JP6179732B2 - Method of molding coal or a mixture of coal and metal oxide - Google Patents

Description

  The present invention relates to a method for molding coal or a mixture of coal and a metal oxide to obtain a coke raw material, a carburized material, ferro-coke and the like.

  Molding of coal or a mixture of coal and metal oxide is performed in a wide range of fields. For example, Patent Literature 1 and Patent Literature 2 describe that coal and crude tar are mixed and molded into a coke oven as coke raw materials. Patent Document 3 describes that, as a reducing agent in a blast furnace and a carburizing material for hot metal in a cupola, calcium is mixed with coal and molded and then charged into a coke oven. All of the techniques proposed in these patent documents are methods in which a raw material is molded using a binder such as tar during molding.

  In recent blast furnaces, the use of ferro-coke containing metallic iron in coke has been studied for the purpose of reducing carbon dioxide emissions (Non-patent Document 1). This ferro-coke is formed by adding a binder to a mixture of coal and iron ore, and the addition of the binder is indispensable.

Japanese Patent Laid-Open No. 62-34983 JP-A-60-110785 Japanese Patent Publication No. 8-16225

Materials and Processes, 21, 893 (2008) Granulation handbook; 202 (1991) Japan Powder Industrial Technology Association 1979 Research report on continuous molding coke manufacturing technology; 106-197 (1980) Japan Iron and Steel Federation (Continuous Forming Coke Research and Development Committee) Ohm Materials and Processes, 22, 742 (2009) Coal chemistry and industry; Sankyo Publishing Co., Ltd. 62 (1977) Proceedings of the Coal Science Conference (40), 64-65, 2003-10-23 Clay Science 6 (1), 14-21, 1966-12-05

  When manufacturing (molding) the ferro-coke, it is known that the strength of the molded product varies depending on the coal brand.

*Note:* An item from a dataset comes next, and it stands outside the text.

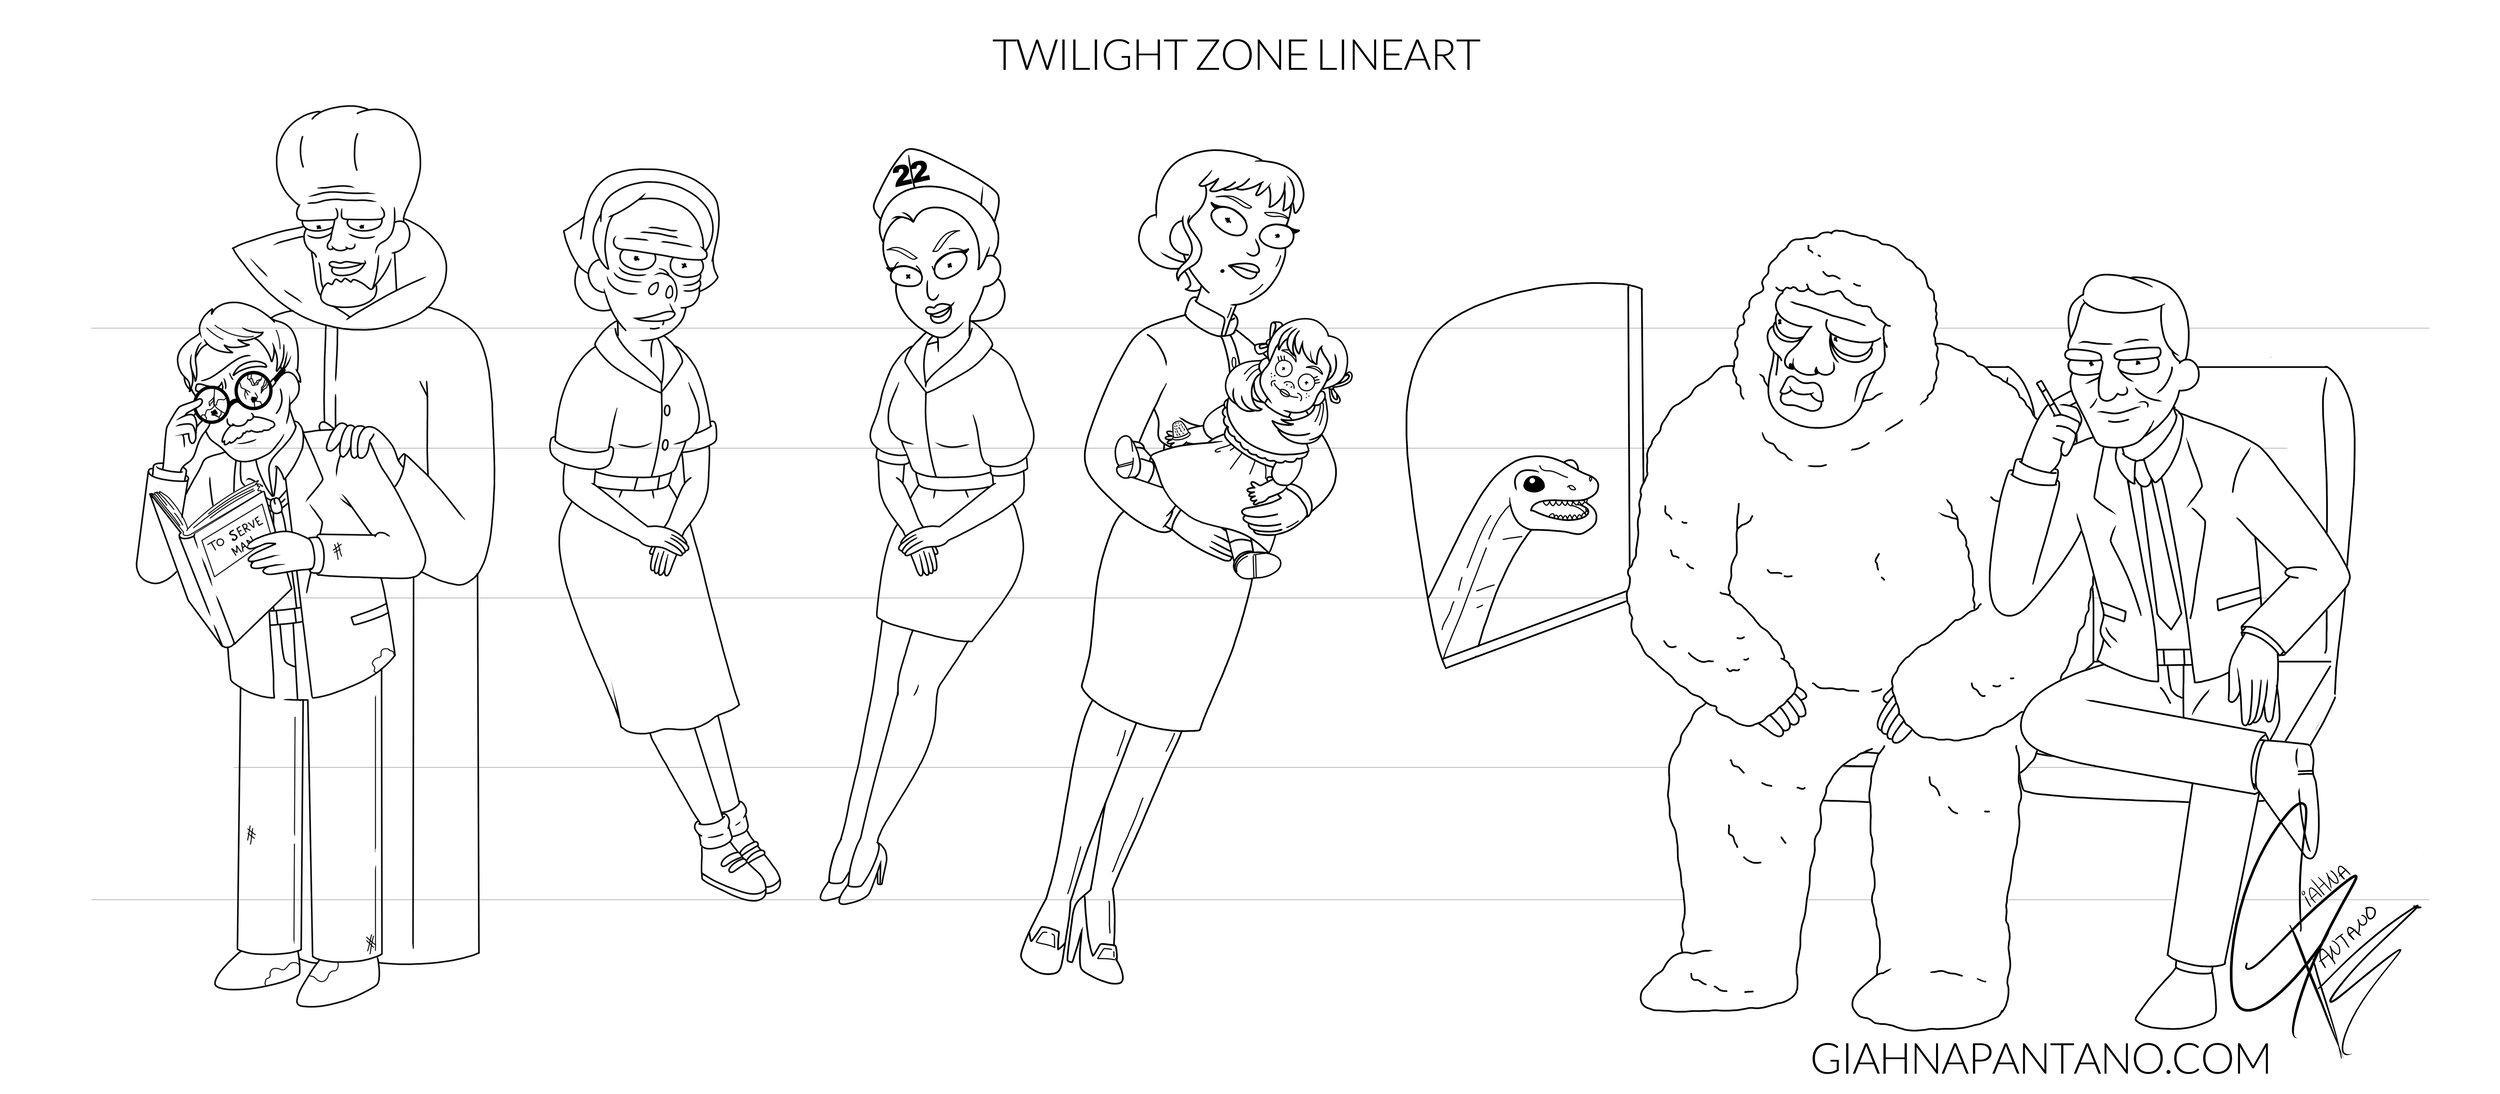 TWILIGHT ZONE LINEART.jpg

For example, according to Non-Patent Document 2, the relationship between the hardness of the coal and the strength of the molded product indicates that the strength of the molded product decreases as the hardness of the coal increases. In addition, according to Non-Patent Document 3, it is disclosed that when the amount of binder added is constant, when moldings are produced by changing their blending ratio using a plurality of coal brands, the strength of each molding is different. Has been. These results indicate that it is necessary to change conditions such as the amount of binder added depending on the brand of coal.

  Non-Patent Document 4 shows the result of molding with a fixed coal brand using a raw material mixed with iron ore with different pore amounts and changing the amount of binder added. According to this, it is shown that when iron ore having a large amount of pores is used, it is necessary to increase the amount of binder added. In coal, as shown in Non-Patent Document 5, when the carbon content is 90 mass% or less, if the internal surface area is large, the added binder is easily absorbed. This suggests that there is a need to increase. In fact, even in the relationship between the hardness of the coal and the strength of the molded product in Non-Patent Document 2, it is clear that the strength of the molded product decreases as the hard glove index decreases.

  Generally, coal with a low carbon content has a low hard glove index, and coal with a low hard glove index (hereinafter also referred to as “HGI”) increases the strength of the molded product by increasing the amount of binder added. It is considered possible.

  However, the inventors have studied that coal groups having the HGI of 50 and the carbon content of 83 mass% (daf: dry ash free) and having substantially the same carbon content as the HGI are similarly fined. When a molding test was carried out with a constant amount of binder, it was found that the brand of coal was divided into a brand with a high molding strength and a brand with a low molding strength.

  An object of the present invention is to propose a molding method of coal or a mixture of coal and metal oxide, which can obtain a high molding strength by optimizing the amount of binder added.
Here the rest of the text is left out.